**EXERCISE DATA:**
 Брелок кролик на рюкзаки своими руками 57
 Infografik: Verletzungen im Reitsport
* * *
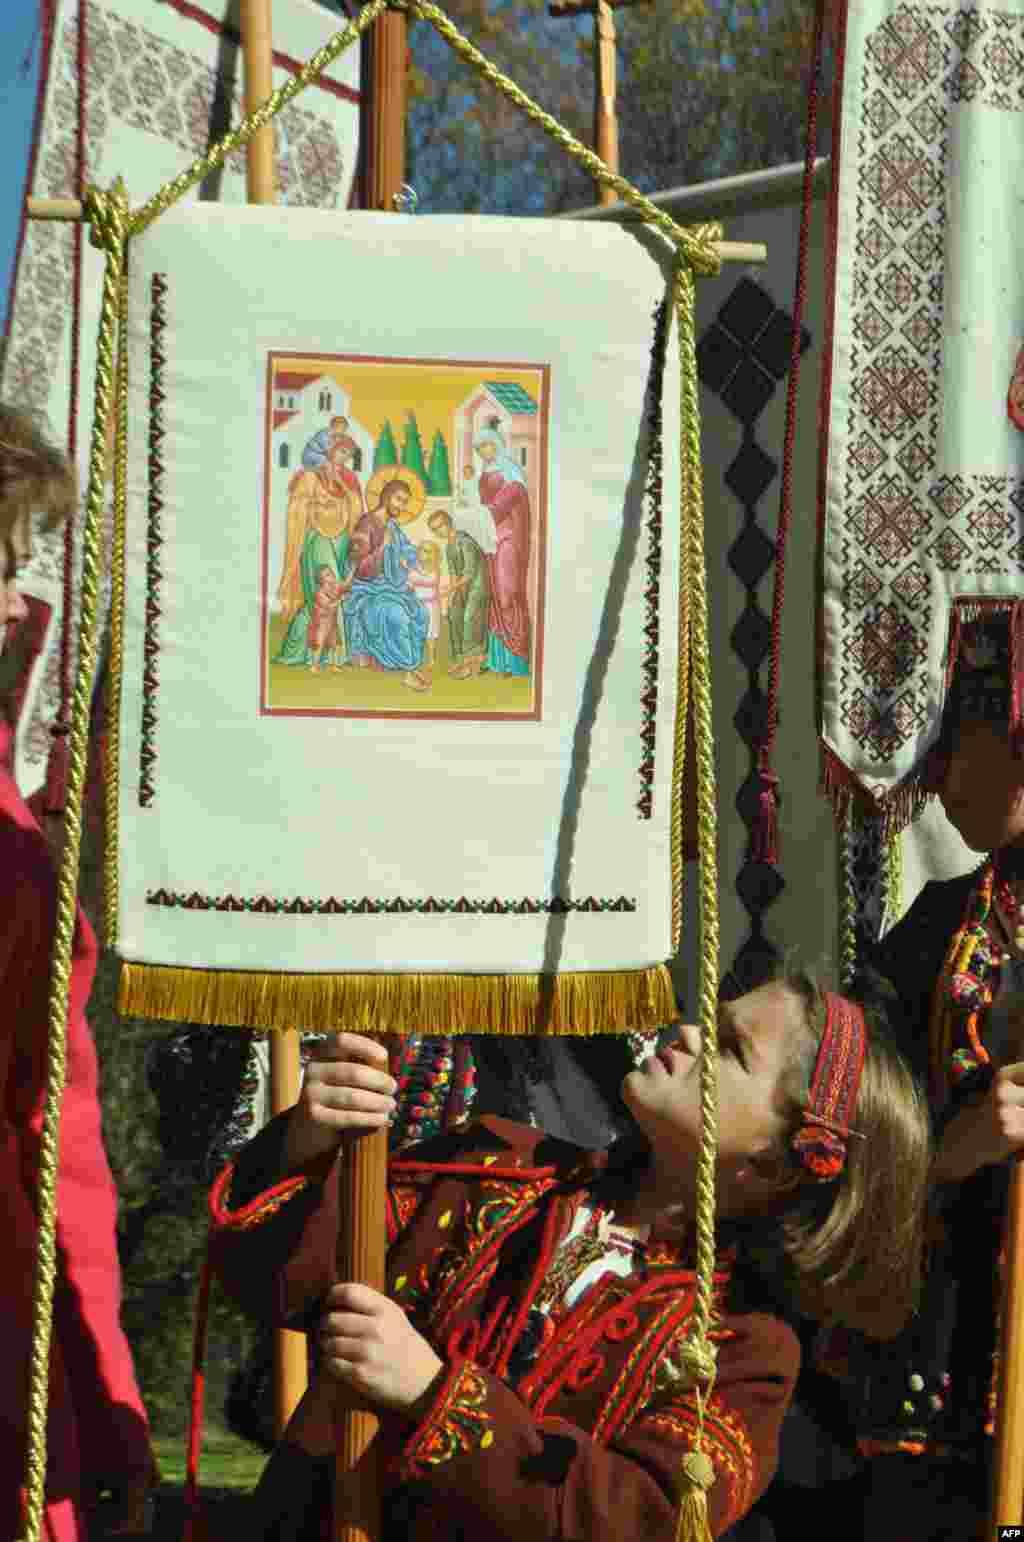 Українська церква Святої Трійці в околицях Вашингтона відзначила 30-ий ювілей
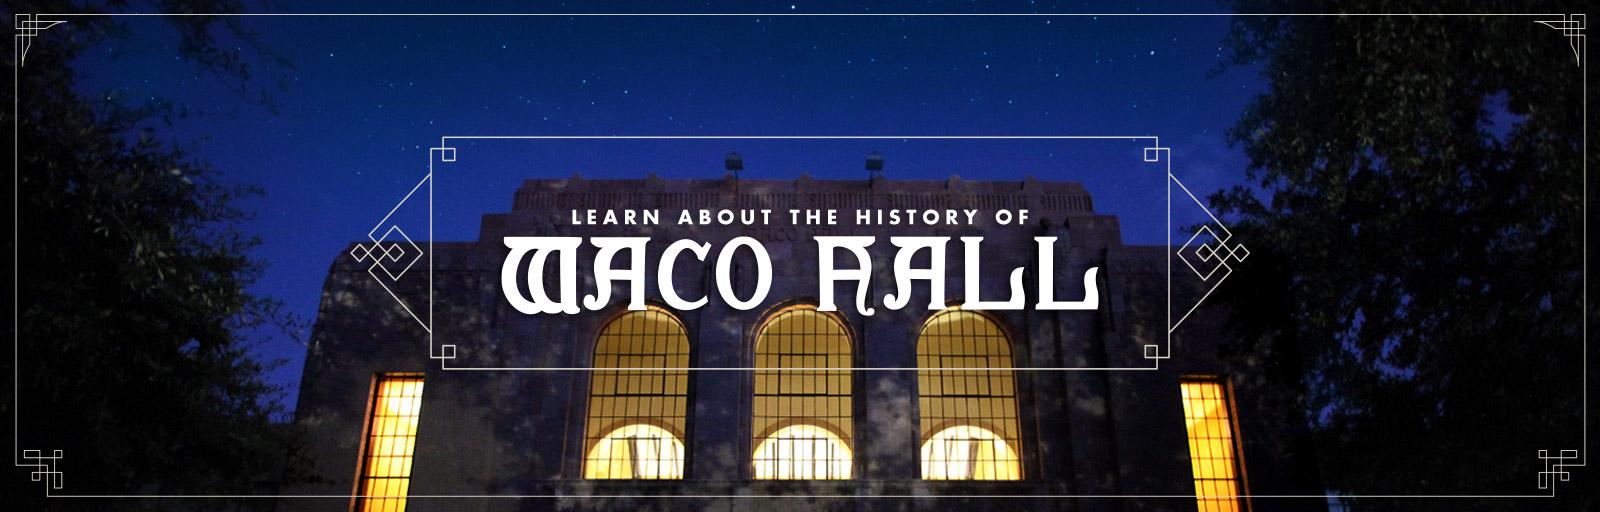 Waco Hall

**TASK GOAL:** The expected answer is an exact copy of the lines above, beginning at the line with "Брелок кролик на рюкзаки своими руками 57" and ending at the line with "Infografik: Verletzungen im Reitsport", with both ends in.

**TASK RESPONSE:**
 Брелок кролик на рюкзаки своими руками 57
 Infografik: Verletzungen im Reitsport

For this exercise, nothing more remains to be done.